*** Source data
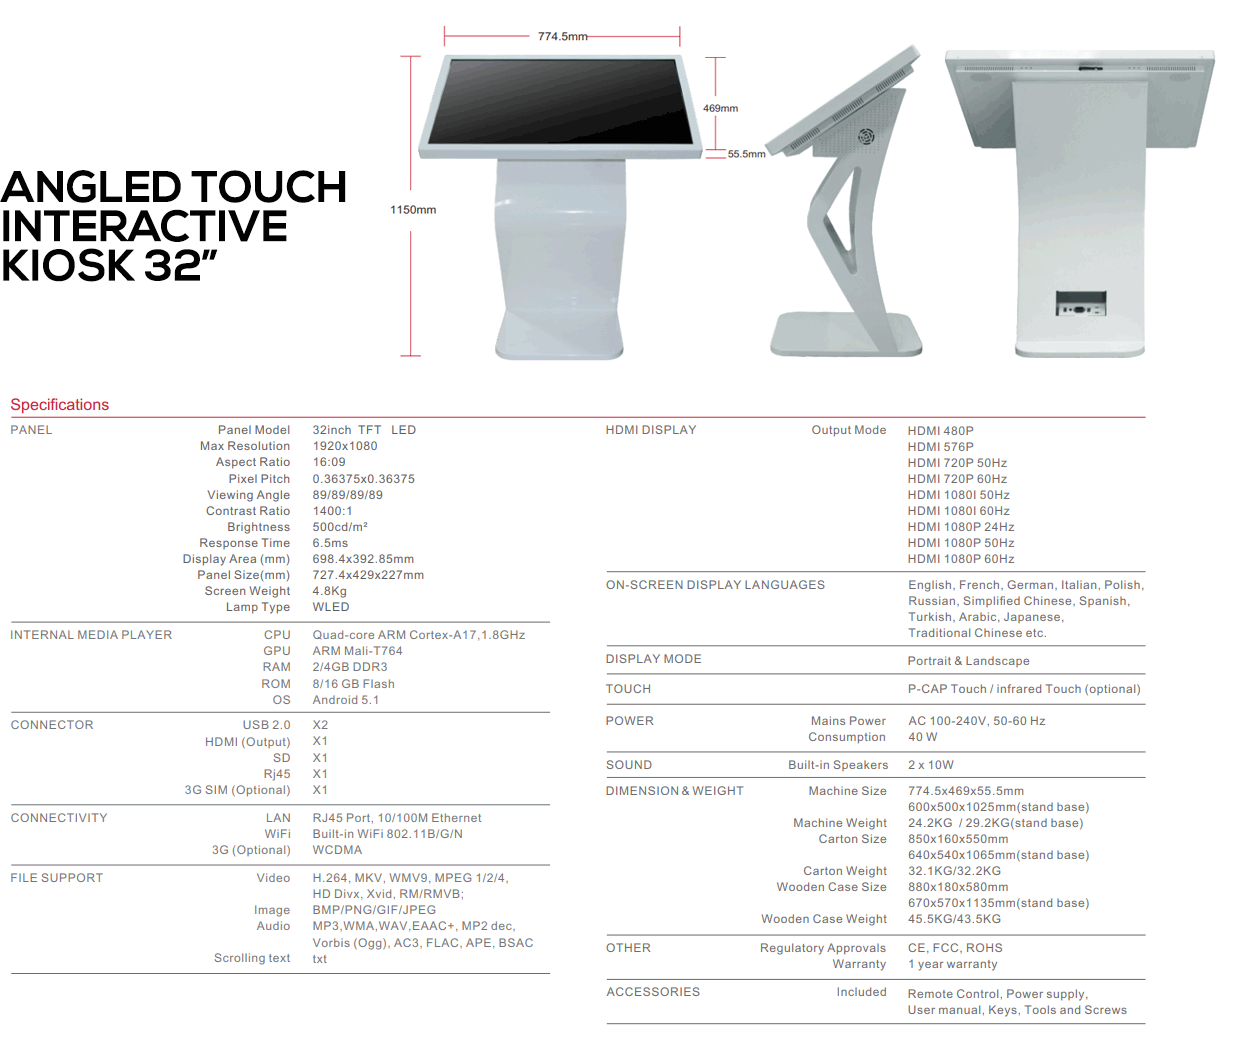 ANGLED TOUCH 32 specs
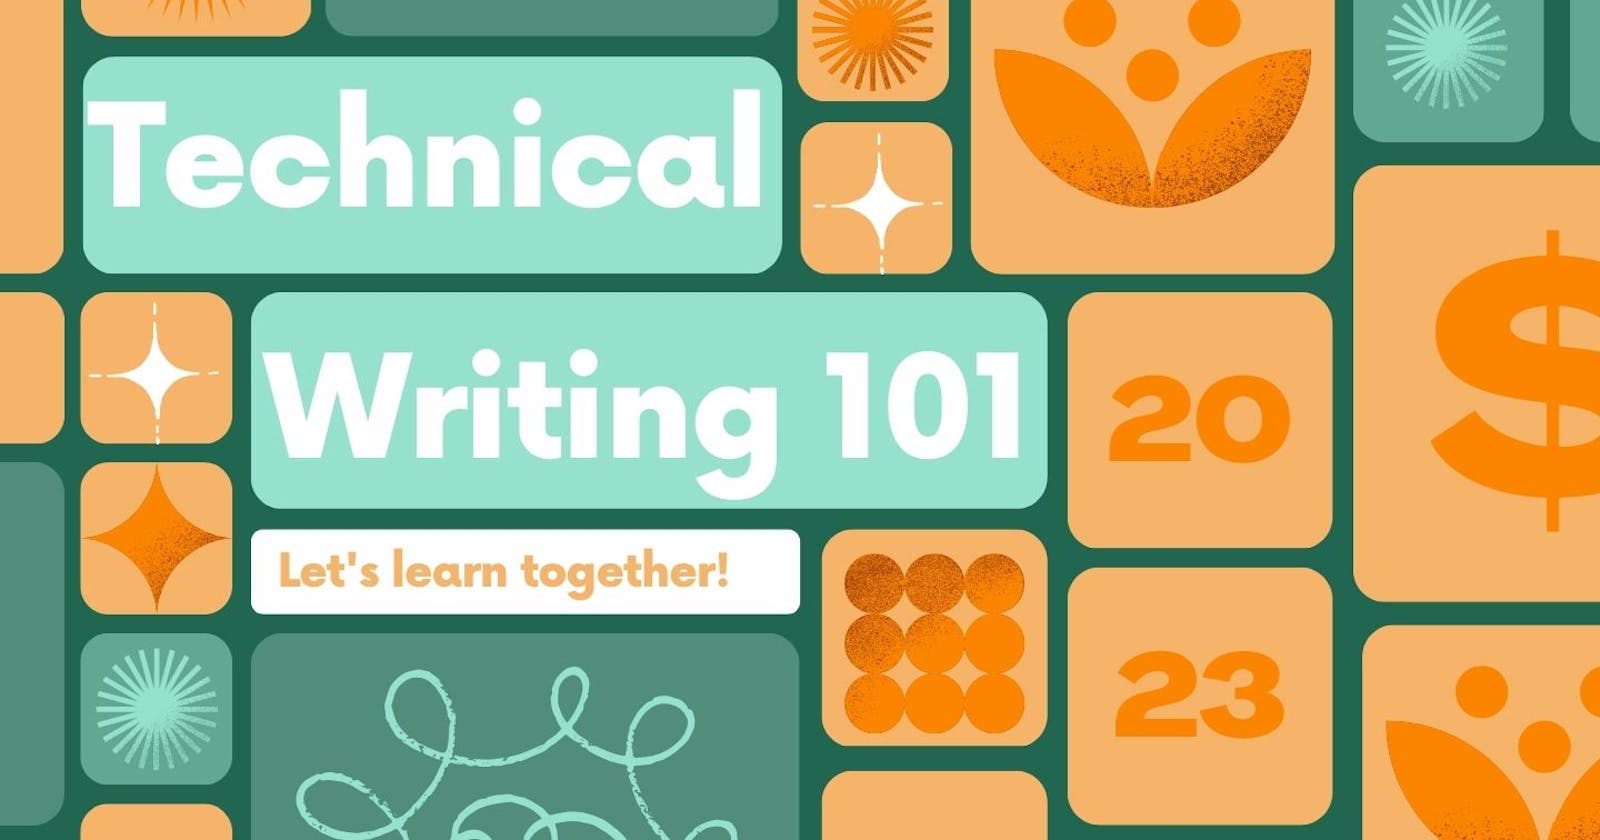 Let's learn together! - Technical Writing 101
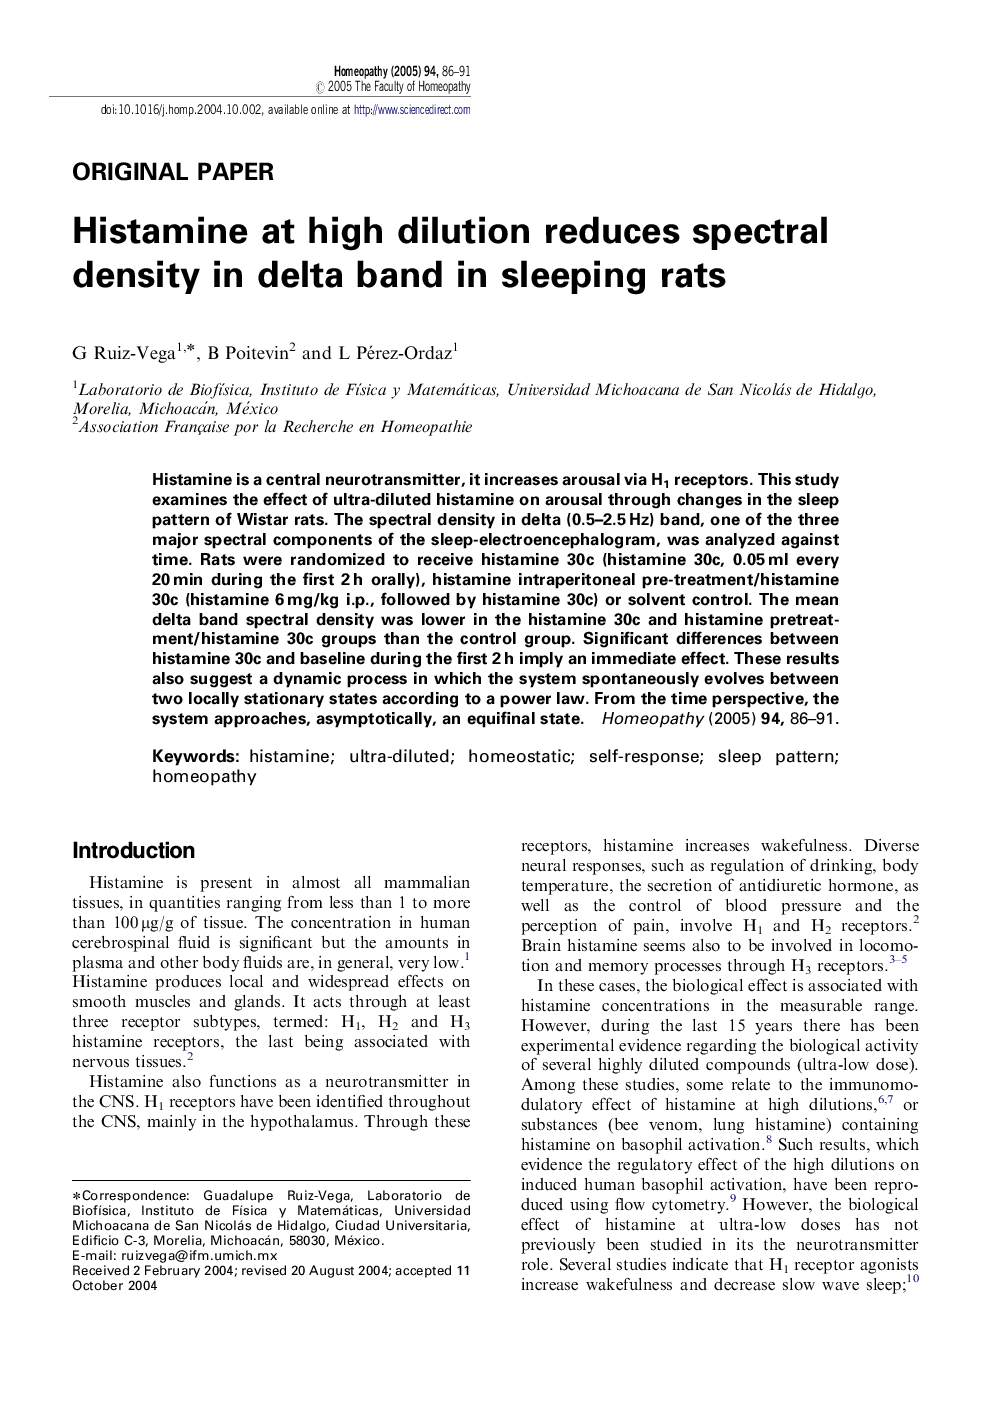 Histamine at high dilution reduces spectral density in delta band in sleeping rats
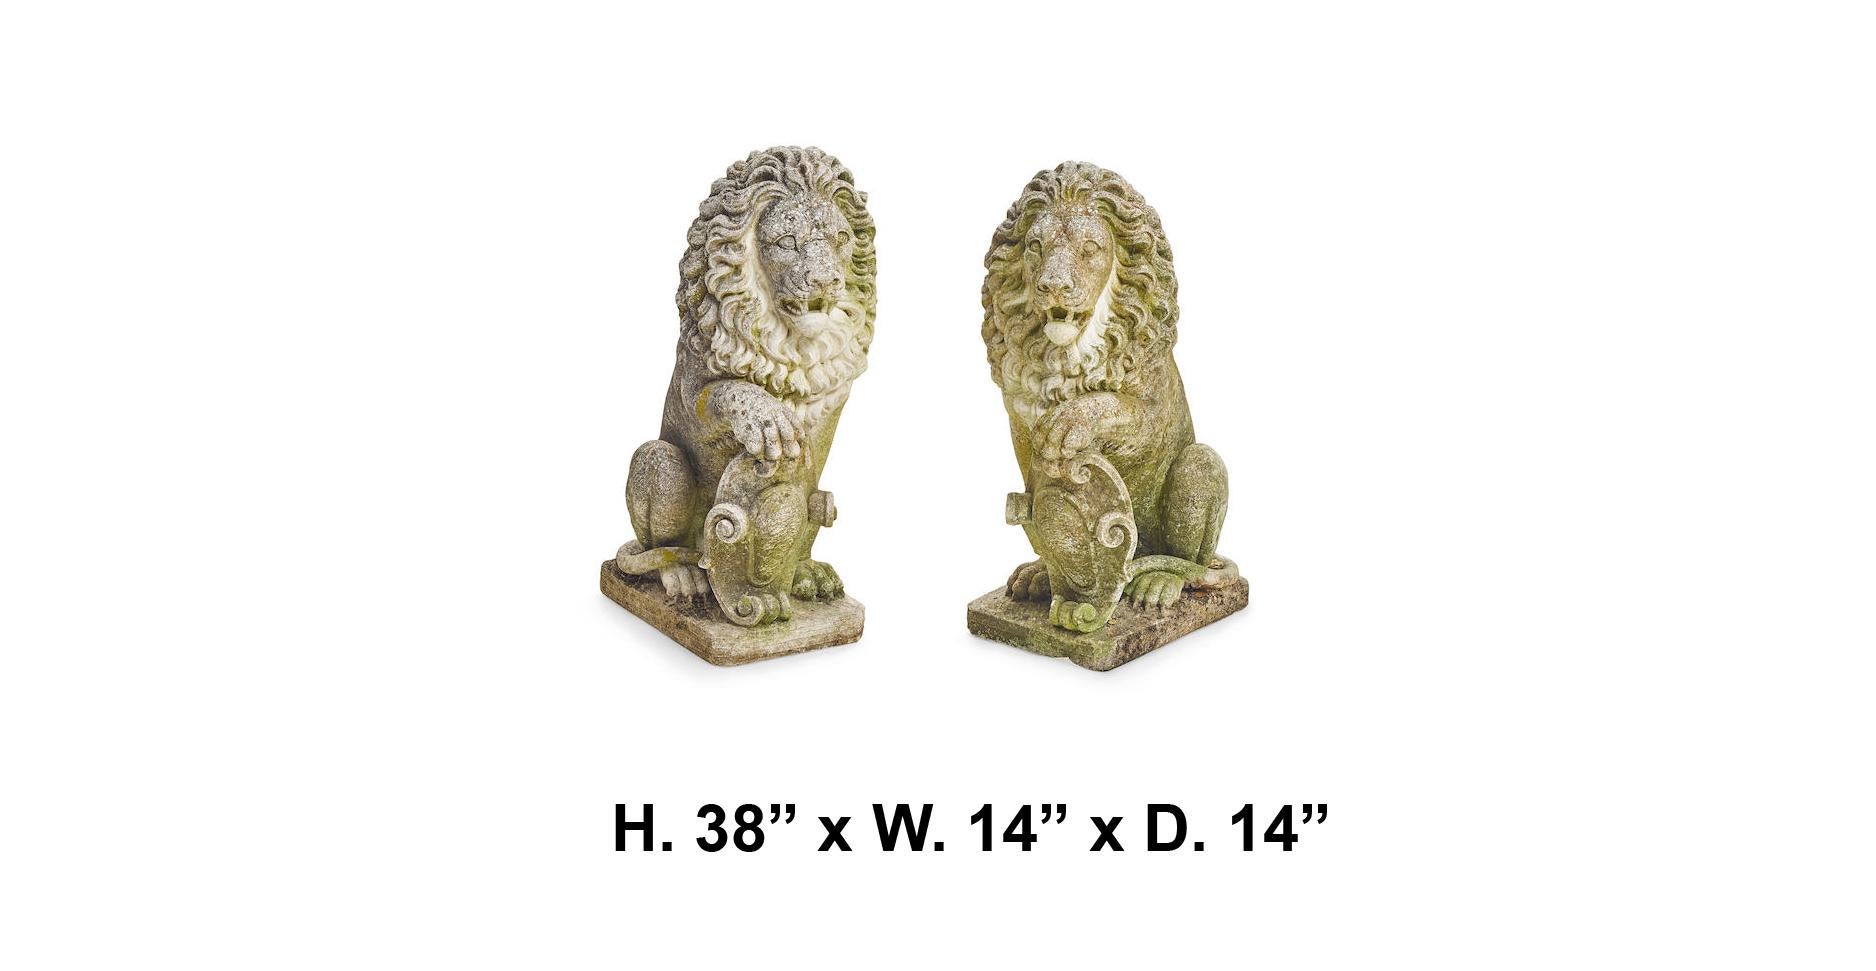 Outstanding and opposing pair of continental cast stone guardian lions with coat of arms, 
mid-20th century.

Each lion is seated on its hind legs with its palm wielding a coat of arms, meticulous attention to the details throughout. The
******
Task statement:
Output every entry exactly. Pictures stay out.

Solution to this problem:
 ANGLED TOUCH 32 specs
 Let's learn together! - Technical Writing 101
 Histamine at high dilution reduces spectral density in delta band in sleeping rats
 Outstanding and opposing pair of continental cast stone guardian lions with coat of arms, 
mid-20th century.

Each lion is seated on its hind legs with its palm wielding a coat of arms, meticulous attention to the details throughout. The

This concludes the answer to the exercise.